Na realidade, não há muita história em ‘Giù la testa’. Dois homens
distintos vêm-se envoltos em algo que é muito maior que eles, e que não
conseguem compreender. Este já é um Oeste decrépito, muito contrário ao representado
nos clássicos e heróicos westerns. Estamos já no século 20. Já há quem se
desloque de carro ou mota. Já há armas automáticas. Mas há homens fora do seu
tempo que ainda andam de arma de 6 balas no coldre, que ainda se deslocam a
cavalo. O novo e o velho confundem-se e os valores da revolução são o pano de
fundo para os conflitos internos destas duas personagens. Mas enquanto que a
Guerra Civil Americana é mostrada em ‘The Good, the Bad and the Ugly’ como um catalisador
de mais acção, um pano de fundo da história principal, a revolução mexicana é
uma parte integrante de ‘Giù la testa’, e a câmara foca em variadas ocasiões os
horrores da guerra, e esse peso é sentido pelos dois protagonistas.
À imagem da personagem de Charles Bronson em ‘Once Upon a Time in the West’,
existem flashbacks para o passado na Irlanda de James Coburn. Aqui a beleza
destas sequências em slow motion são enfatizadas pela belíssima banda sonora de
Ennio Morricone. O tema central é a traição. Sean foi traído na Irlanda pelo melhor
amigo (Leone adorava John Ford, e ontem, a ver o filme, perguntei-me se o tema
da traição no IRA não teria sido inspirado no filme ‘The Informer’ de 1935).
Agora, numa nova revolução, com um novo melhor amigo, Sean sabe que não será
traído. Estes homens têm uma amizade que vai para além das armas (sim, eu sei o
que estão a pensar, também não é homossexual). É uma amizade de dois homens que
se vêm ultrapassados pelo tempo, e que juntos, quase sem querer, juntam-se ao
movimento que libertará o povo mexicano da opressão. Mas na realidade o
objectivo da revolução não lhes interessa muito. Quando a família de Juan é
morta, só lhe resta Sean. E Sean também não tem ninguém senão Juan. Quando
estão escondidos num vagão, pensando que a revolução está perdida, cercados por
tropas inimigas e a caca de pássaro cai e Sean se ri, vemos os dois homens a
entenderem-se, da mesma forma como se entendem Robert Redford e Paul Newman em
‘Butch Cassidy and the Sundance Kid’, como se entendem Morgan Freeman e Tim Robbins
em ‘The Shawshank Redemption’. Nenhum dos homens trairá o outro. E sabendo isso
partem para o assalto suicida final que define os últimos 20 minutos de filme.

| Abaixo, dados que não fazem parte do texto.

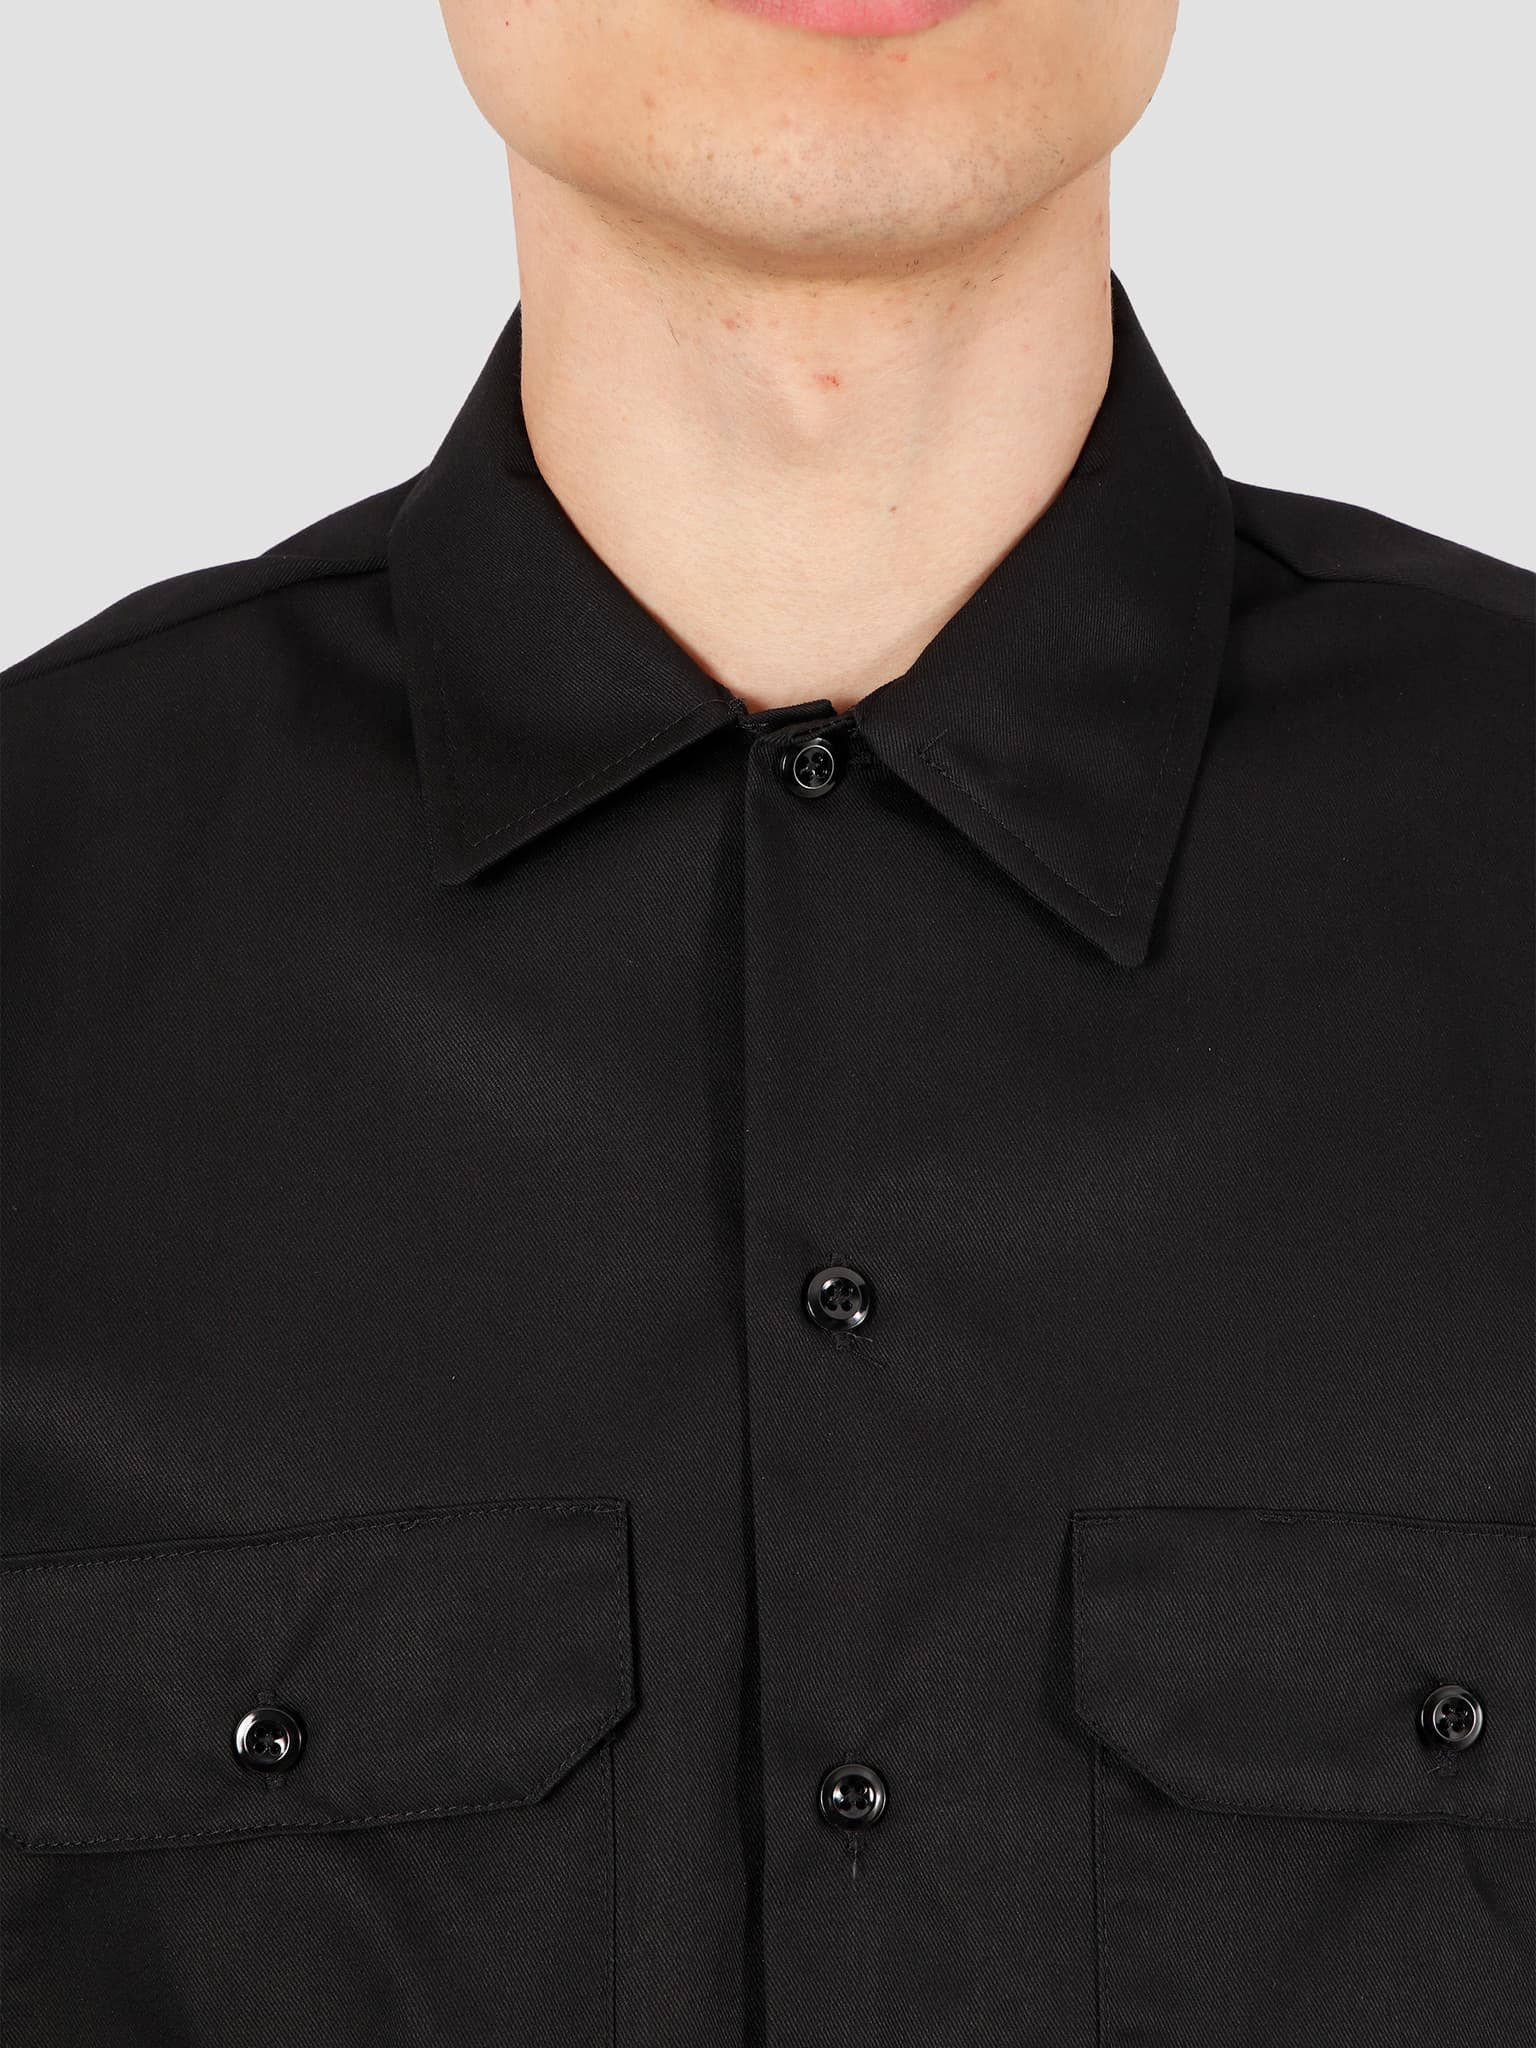 Short Sleeve Work Shirt Black DK001574BLK1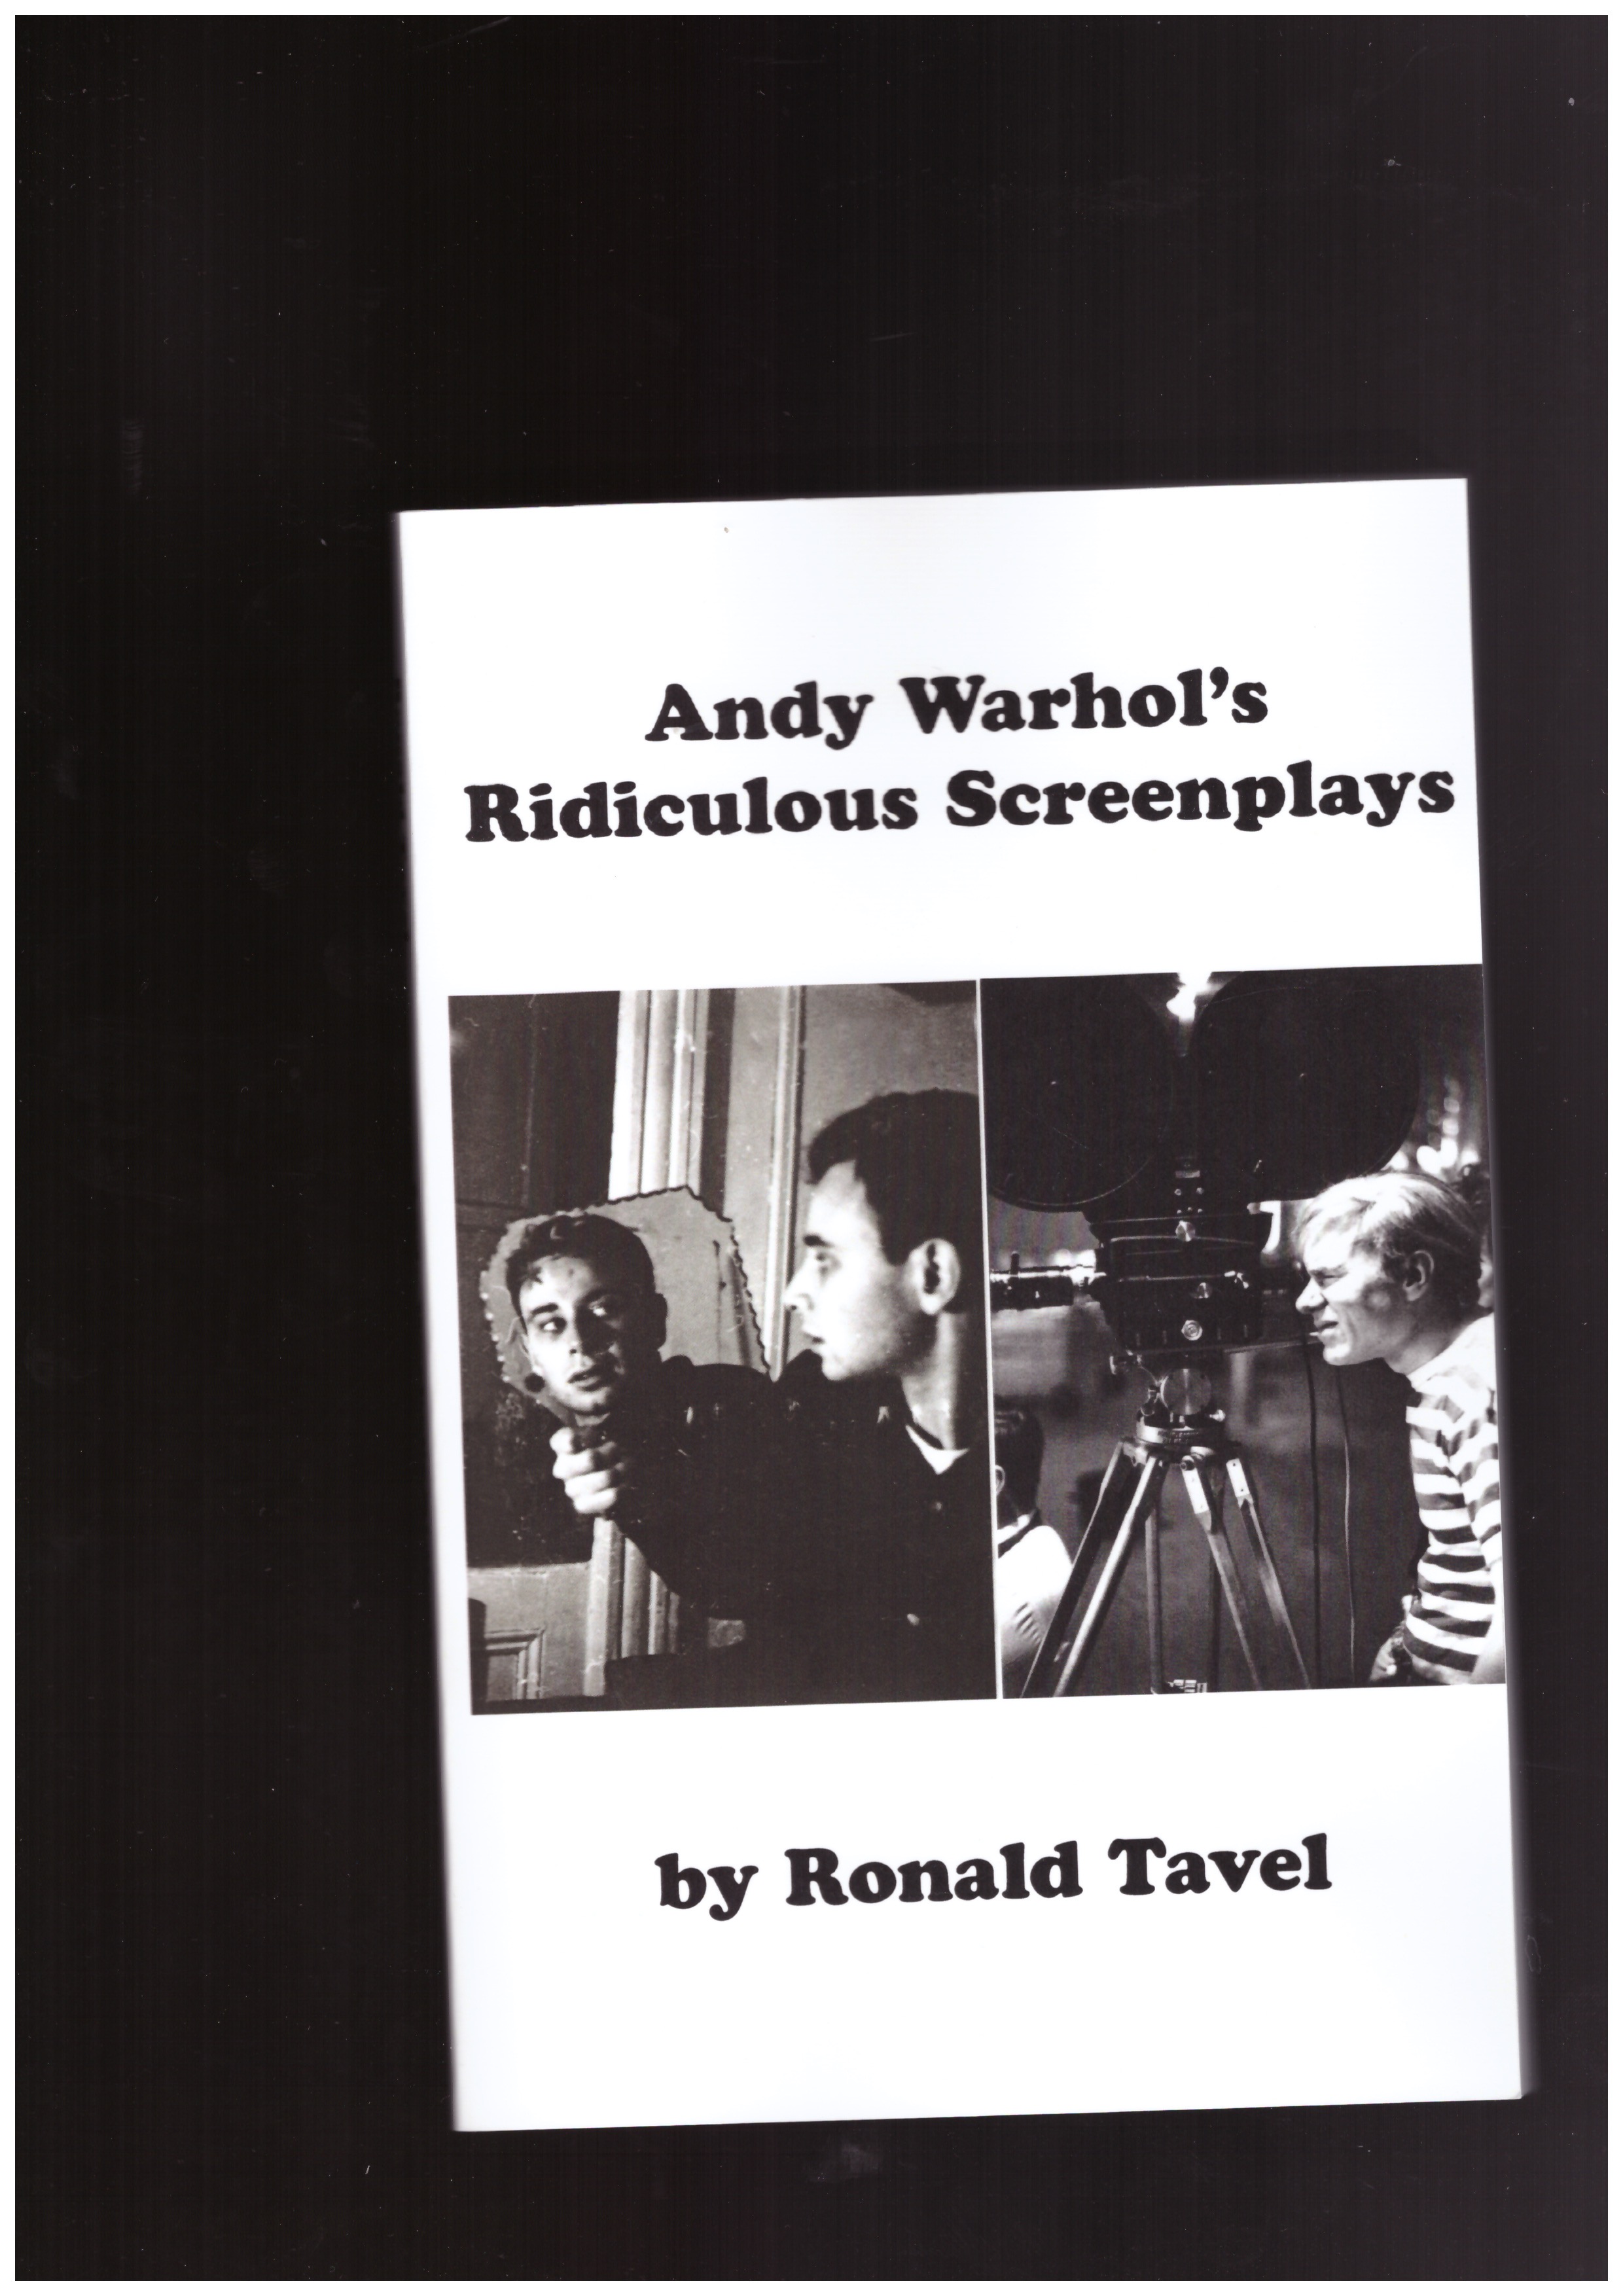 TAVEL, Ronald - Andy Warhol’s Ridiculous Screenplays

‘Giù la testa’ tem uma história mais difícil de seguir, já que muito pouco
é explicitado. Por um lado tem sequências de acção fabulosas, à Leone. O
assalto ao banco, o ataque na ponte. Mas por outro o conteúdo do filme está
entre as linhas, está nas longas sequências sem falas com a música de
Morricone, está nos olhares trocados, está no segredo de Sean, e na união dos
dois homens. É um filme que se entende melhor à medida que os anos passam e as
visualizações se multiplicam (esta foi a minha 3 ou 4a visualização e gostei
muito mais). É o meio termo entre a acção e a construção operática de cenas dos
westerns anteriores de Leone e o complicado estudo das relações humanas
presente em ‘Once Upon a time in America’, 13 anos depois.
Se é para ver ‘Giù la testa’, por favor veja-o na sua versão de 150 min. As
várias versões cortadas do estúdio já desapareceram mas restam duas em DVD, uma
de 147 e uma de 150 min. A questão é se 3 minutos fazem a diferença. A resposta
é sim. Os 3 minutos em questão consistem no último dos flashbacks, e foram
cortados mesmo mesmo no final do filme (o flashback encaixa 30 segundos antes
do final do filme). Quem o cortou deve ter achado o flashback supérfluo (é na
realidade um pouco polémico, daí a razão de ter sido cortado). Eu acho que não.
Acho que o filme não faz sentido sem ele. Esse flashback justifica todo o filme
e fecha a compreensão daquilo que é Sean, uma das mais complicadas personagens criadas
por Leone (se não a mais, rivalizando com a de DeNiro em Once Upon a Time in America).
‘Giù la testa’ poderá ser o pior filme de Leone. Mas é um grande filme. Os
jovens podem vê-lo pelas sequências à Leone, mas acharão o seu ritmo mais lento
e menos explícito. Mas à medida que os anos passam ficarão surpreendidos em
encontrar elementos no filme que nunca tinham descoberto. Só um filme bom
proporciona estas camadas e não se esgota com a sua primeira visualização.